Eylül ayı başlarında daha rahat ilerleyebiliriz, ama ay ortalarından itibaren zorlanma başlıyor. 13 Eylül 2015 tarihinde 20 derece Başak burcunda bir güneş tutulması gerçekleşiyor. Bu tutulma 28 derece Başak’taki Juno isimli asteroid ile kavuşuyor. Çalışma koşulları, güvenlik sorunları, cinsel ilişkilerde titizlik, hijyen ve sağlık sorunları dikkat çekebilir bu dönemde. Tutulma serisi 18 Kuzey: Kazalara ve hastalıklara açık, hayli gergin bir tutulma ailesinden! Ay’ın 20’li tarihlerinde zorlu gezegen açıları var. 28 Eylül’de Koç burcunda tam ay tutulması gerçekleşiyor. Dörtlü tam tutulma serisinin sonuncusu. Özel ilişkiler açısından hayli zorlu zamanlarda olabiliriz. Politik ve ekonomik açıdan da öyle…

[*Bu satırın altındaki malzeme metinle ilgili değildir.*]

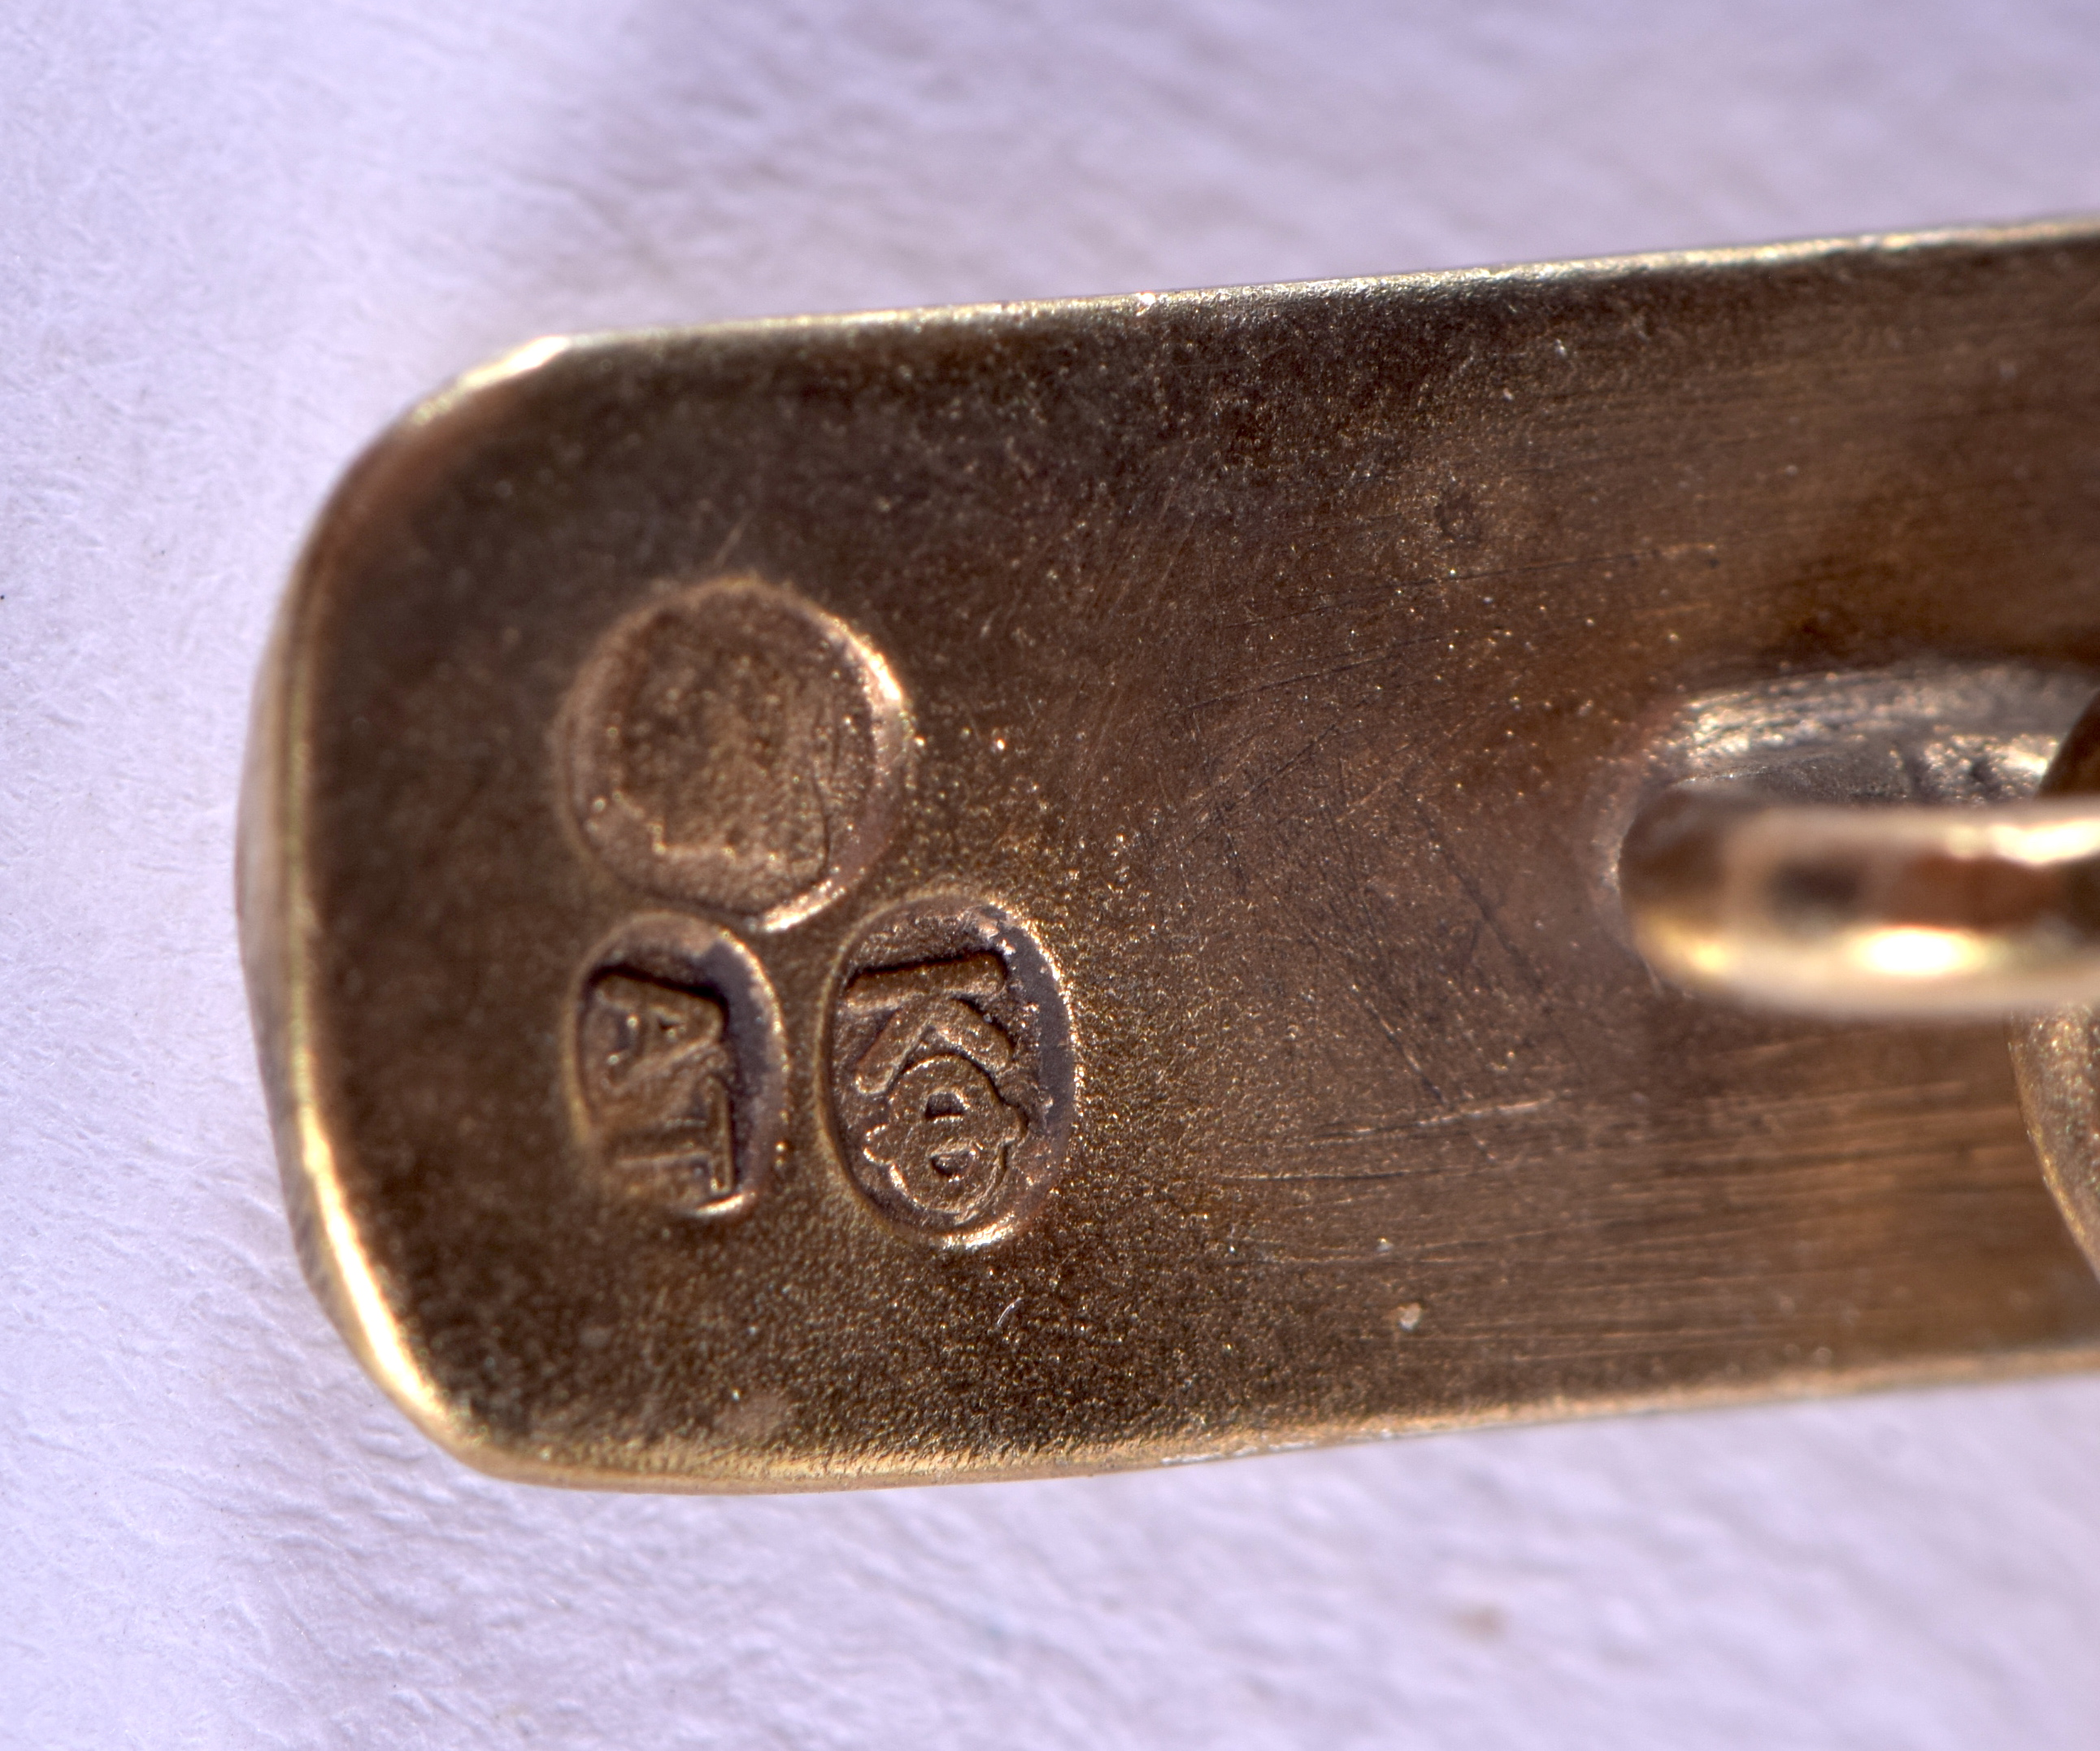 A PAIR OF CONTINENTAL JEWELLED SILVER GILT CUFFLINKS. 21 grams. - Image 4 of 4

Ekim ayında finansal açıdan yanılgılara ve yanlış kararlara açığız. Dikkatli adımlar atmak gerekiyor. Büyük risklere girmek açısından uygun bir zamanda değiliz. Ama Ekim’in 20’li tarihlerinde olumlu etkiler var. İstifade edebiliriz. Özellikle 25 Ekim civarında. Ekonomik anlamda zorlu bir sürece girmiş olacak isek de Kasım ayı içerisinde destek bulacağımız, olumlu gelişmeler yakalayabileceğimiz tarihler mevcut. Kasım ayının ilk yarısında özellikle; mesela 13 Kasım civarındaki günlerde. Kasım sonlarına doğru ise işler zorlaşıyor. Aralık ayının ilk yarısı hayli zorlu gözüküyor. Stresli, sert çıkışlara yöneltebilecek, piyasaları zora sokabilecek geçişler var. Aralığın ikinci yarısında ise destekleyici, olumlu gelişmeler yakalayabiliriz. Özellikle de ayın 20’li tarihlerinden itibaren…

Keyifli, sağlıklı ve mutlu bir yıl dileğiyle!